Le Goux*, X. Chevalier**
Un homme de 45 ans joueur de niveau
classé, se plaint de ce qui a été appelé
une épicondylite et qui lui fait mal depuis
plus de 6 semaines, malgré 3 semaines
d’arrêt total de toute activité.
➤ Quel examen clinique
et comment affirmer le diagnostic ?
✂
L’épicondylite ou tennis elbow est d’une grande fréquence.
On estime qu’elle touche 1 à 5 % de la population générale et 30
à 40 % des joueurs de tennis, soit 1 joueur sur 3, avec un pic de
fréquence entre 35 et 50 ans. La cible habituelle est un joueur de
niveau technique moyen (les bons et très bons joueurs sont a
priori épargnés) qui “force” certains coups, comme le revers ou
en fin de mouvement au service. Deux facteurs favorisent l’apparition de cette tendinopathie d’insertion du tendon commun des épicondyliens : l’hypersollicitation (parfois un choc
direct) et le vieillissement des structures tendineuses avec l’appauvrissement de la vascularisation après 40 ans. Au plan anatomopathologique, l’aspect évolutif des lésions touchant principalement le tendon du 2e radial permet de rendre compte de leur
caractère chronique et de l’évolution naturelle du tennis elbow
sur une longue durée (12 à 18 mois), avec un traitement qui reste
délicat. Les quatre stades anatomiques (infiltrat œdémateux,
déchirure superficielle, rétraction et avulsion, rupture tendineuse)

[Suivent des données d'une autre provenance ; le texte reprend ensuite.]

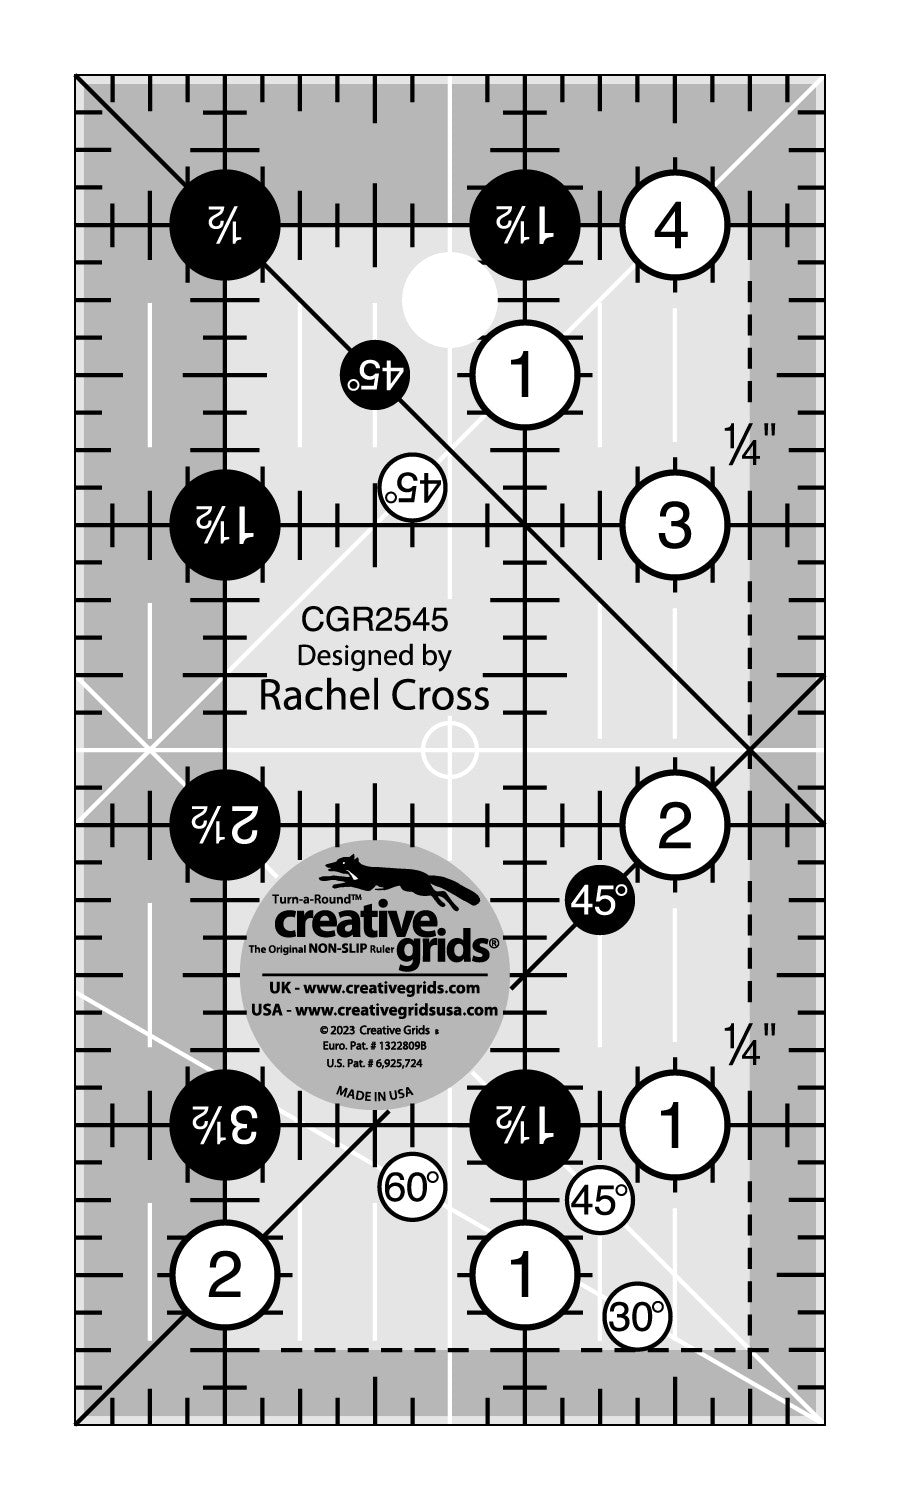 Creative Grids Ultimate Flying Geese Template and Quilt Ruler

peuvent s’associer à une atteinte ostéopériostée de l’épicondyle
de type microfracturaire.
Le diagnostic d’épicondylite ne pose pas trop de problème à
l’interrogatoire quant à son contexte d’apparition lors de certains
gestes répétitifs. À l’examen clinique (figures), la contraction
isométrique des muscles épicondyliens (2e radial, extenseur
commun des doigts, cubital postérieur, court supinateur) est plus
douloureuse en course interne qu’en course externe, c’est-à-dire
lorsque le coude est en extension plus que lorsqu’il est fléchi à
90°. La douleur également retrouvée à la palpation de l’épicondyle et à l’étirement des épicondyliens permet de compléter la
triade clinique indispensable pour affirmer le diagnostic.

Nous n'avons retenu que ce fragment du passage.